BEGIN Material to process
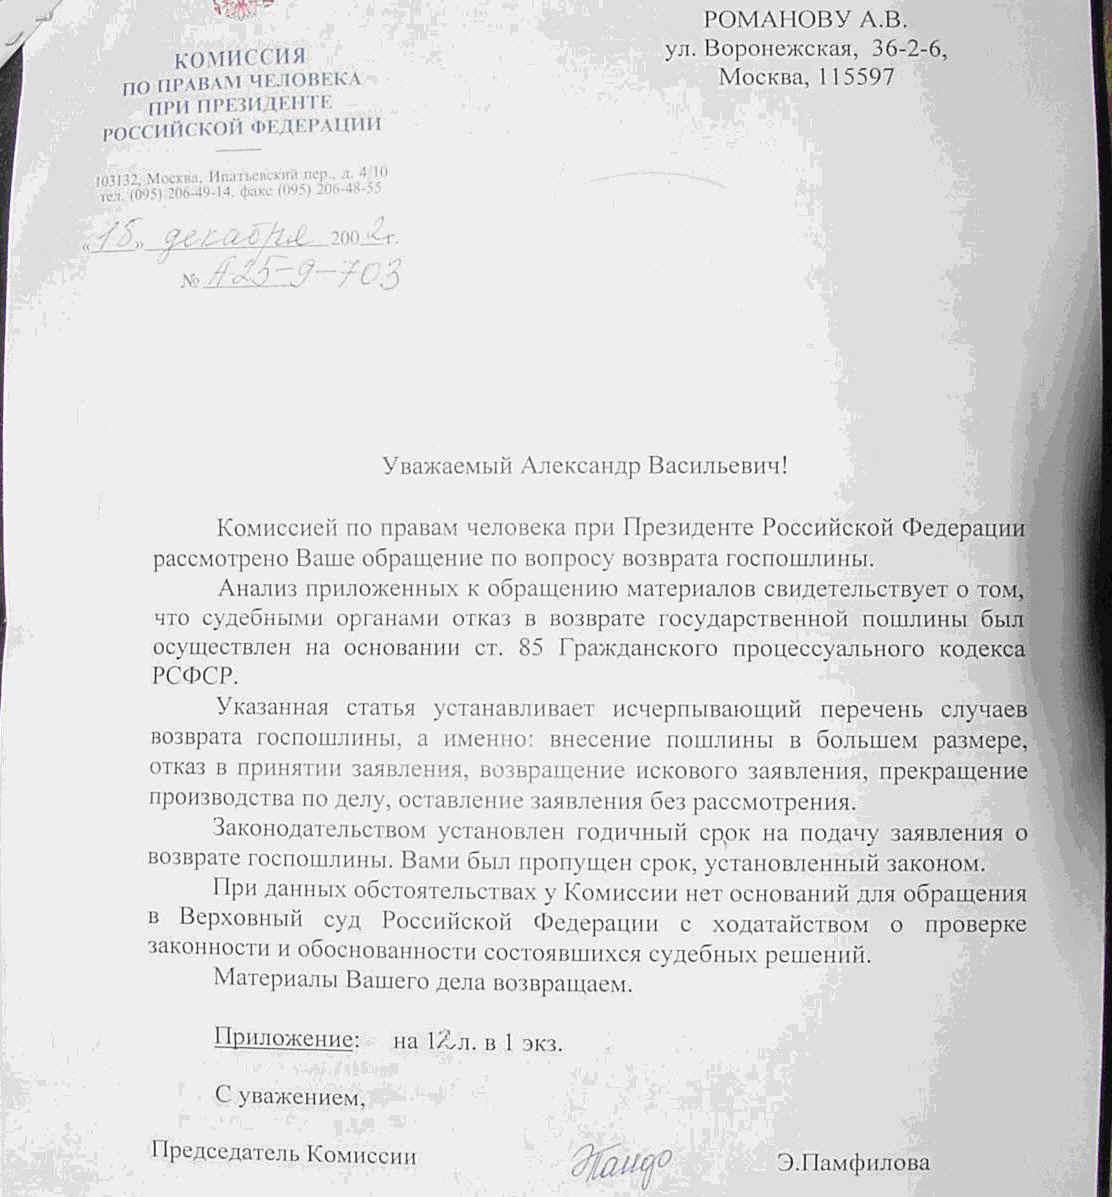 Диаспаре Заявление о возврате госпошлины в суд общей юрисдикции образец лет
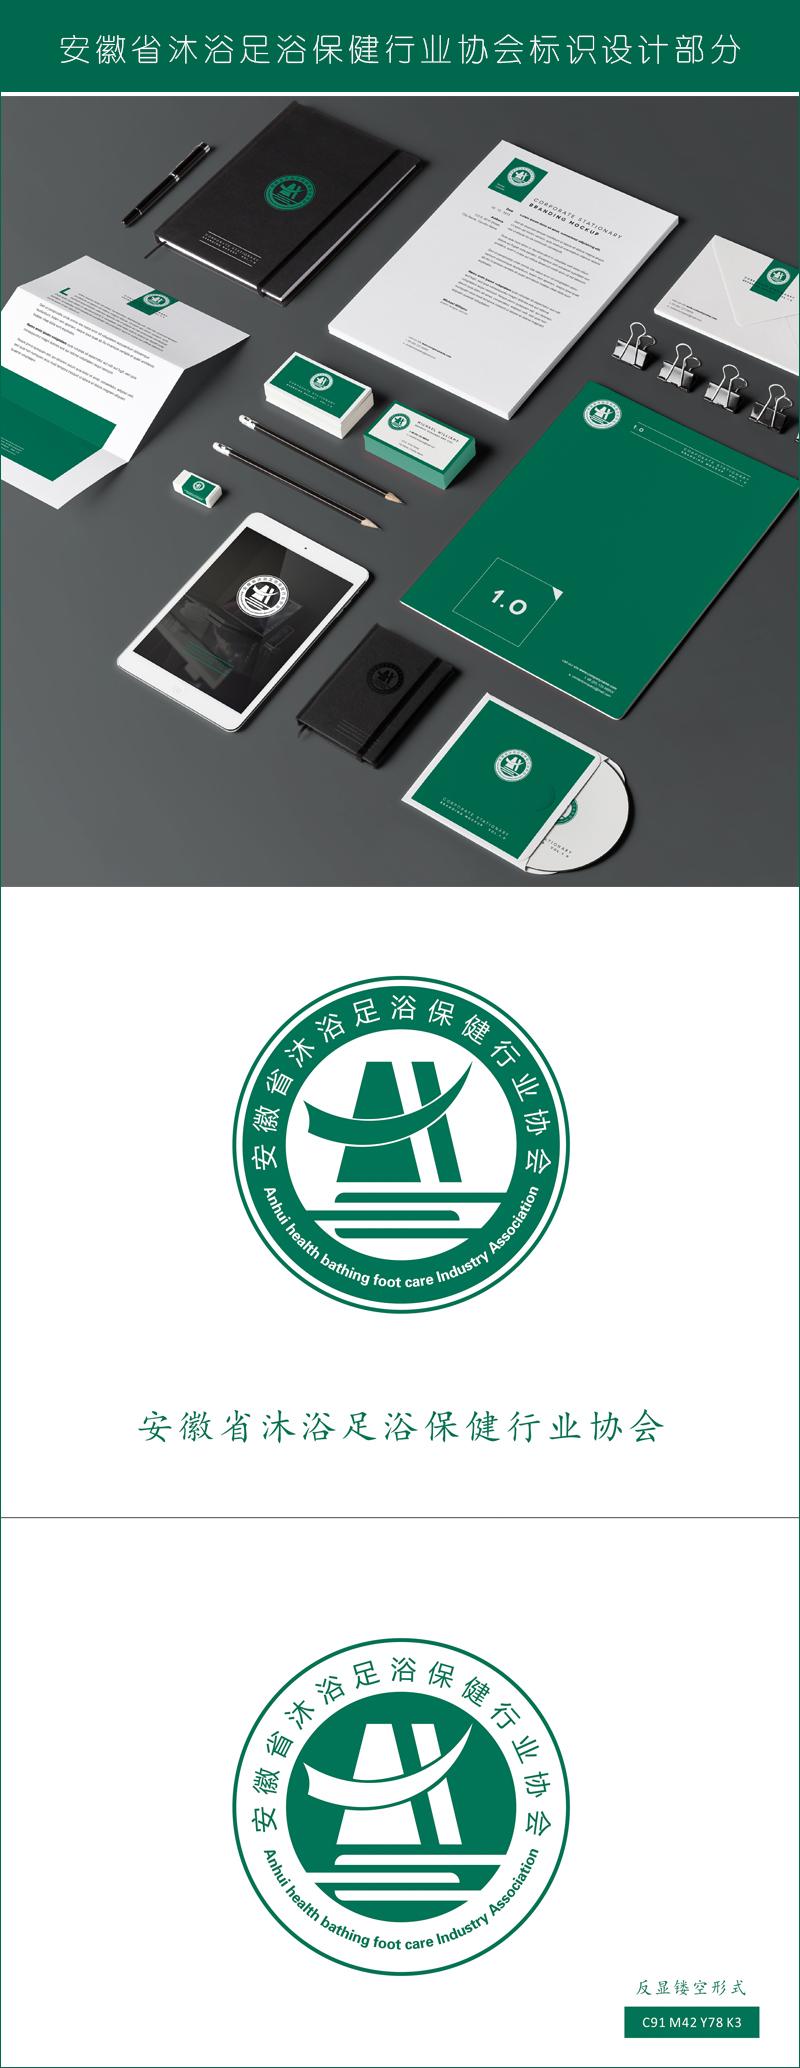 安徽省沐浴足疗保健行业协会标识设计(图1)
END Material to process
BEGIN Material to process
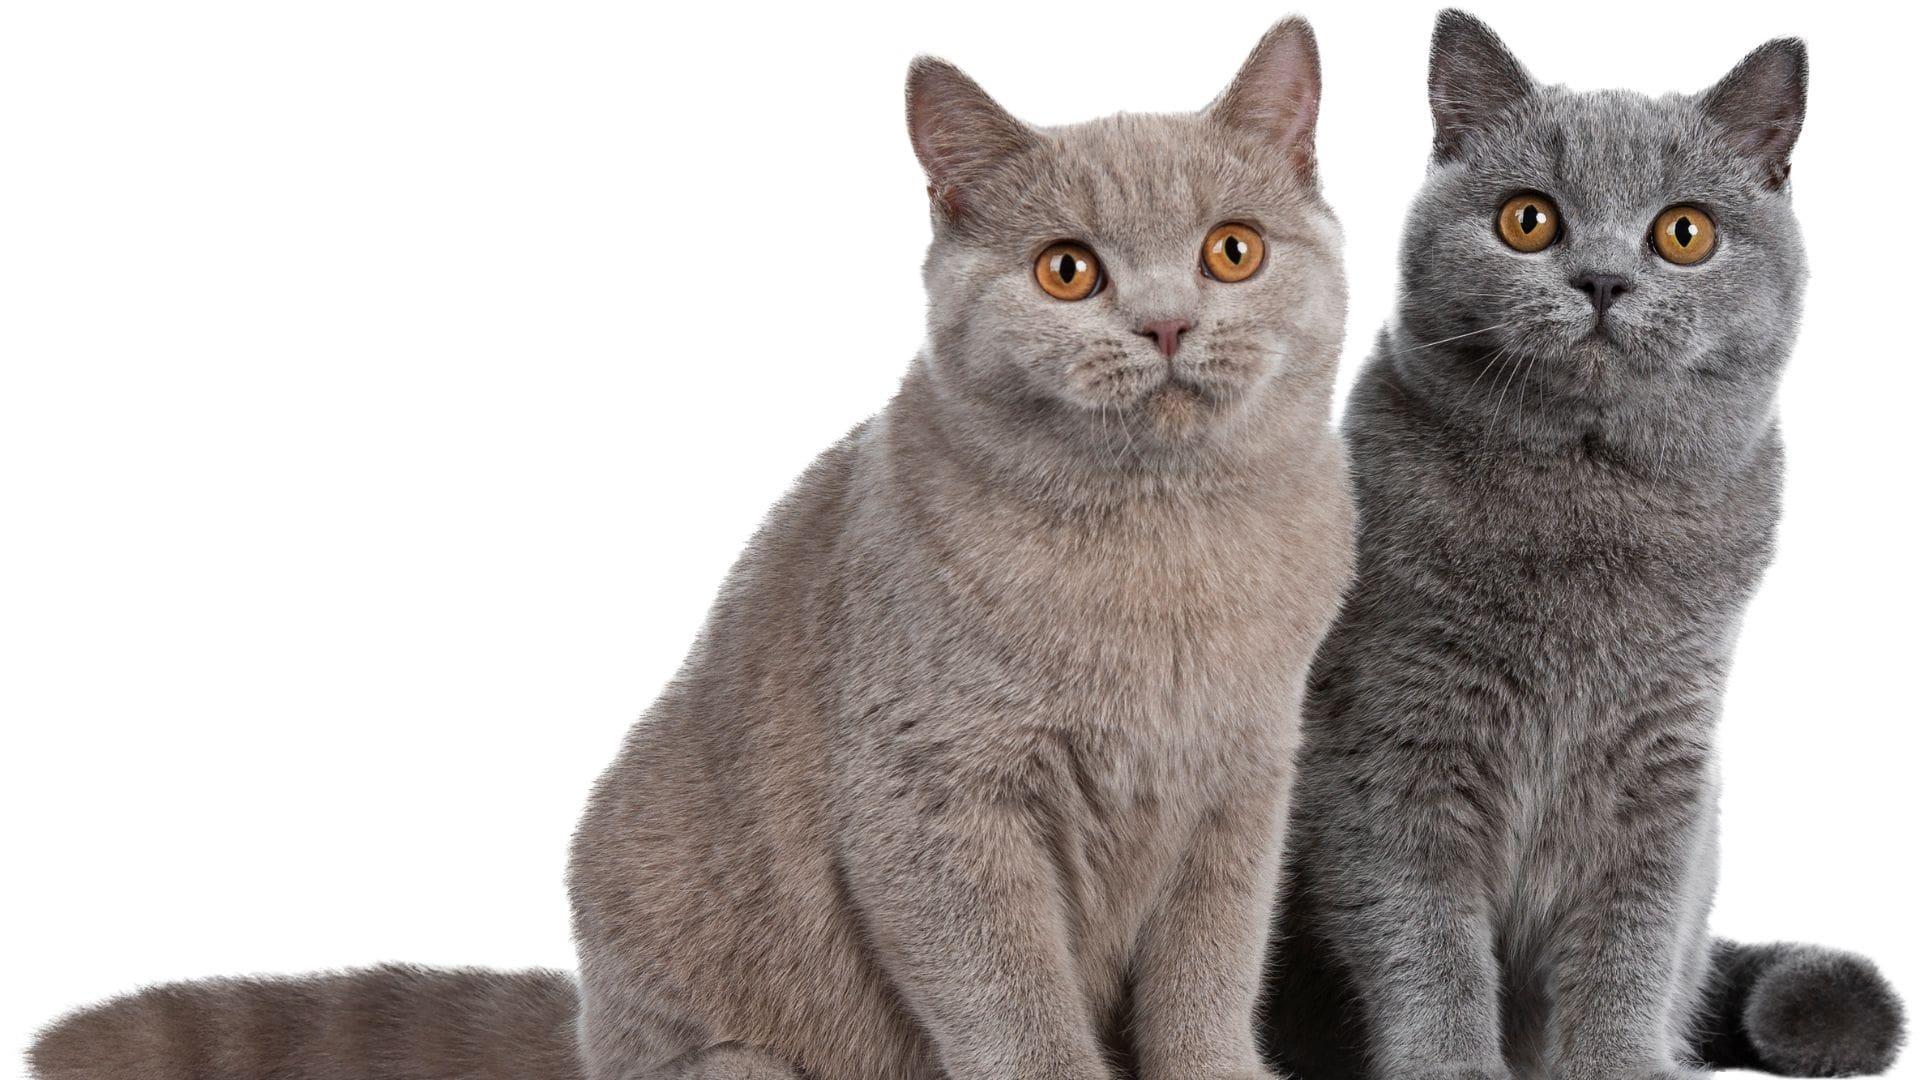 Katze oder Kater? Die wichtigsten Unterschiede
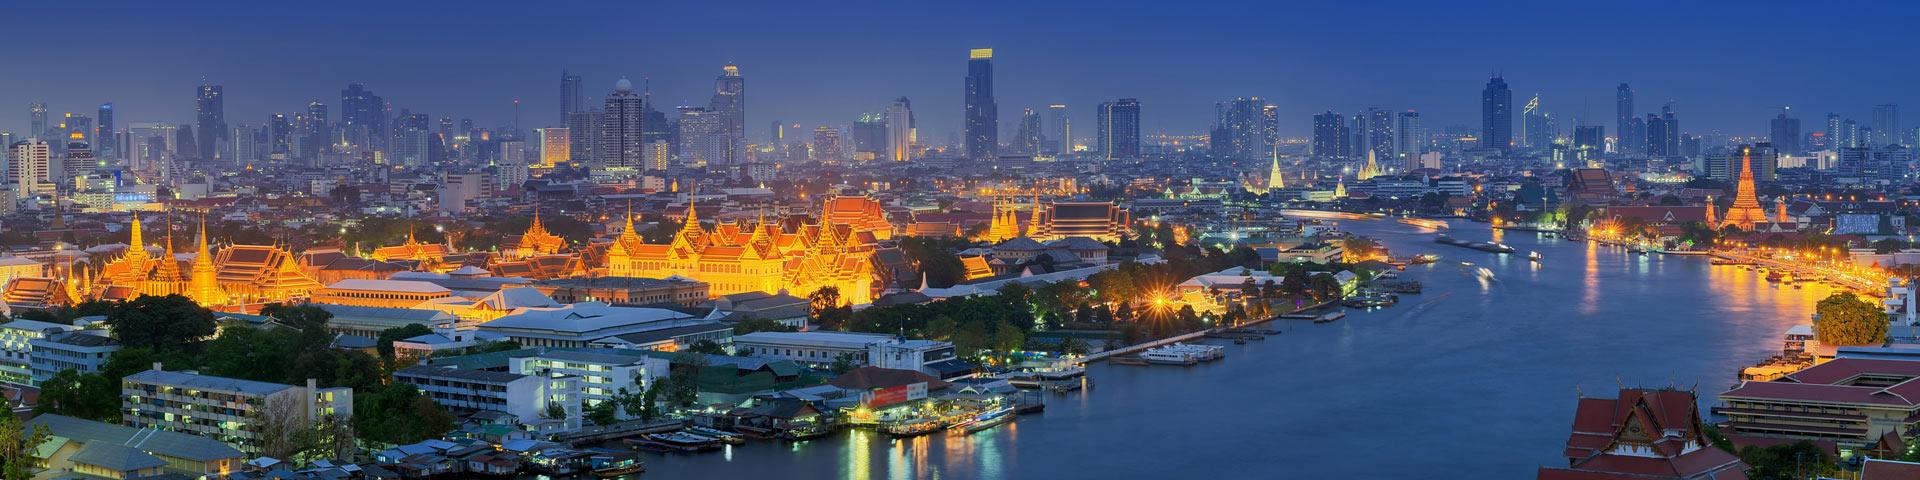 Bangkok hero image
END Material to process
BEGIN Material to process
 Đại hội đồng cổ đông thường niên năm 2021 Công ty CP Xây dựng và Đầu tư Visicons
END Material to process
What is being asked. Write out again exactly the lines above from the one with "Katze oder Kater?" through the one with "Bangkok hero image", adding no other lines and no pictures.

Reply.
 Katze oder Kater? Die wichtigsten Unterschiede
 Bangkok hero image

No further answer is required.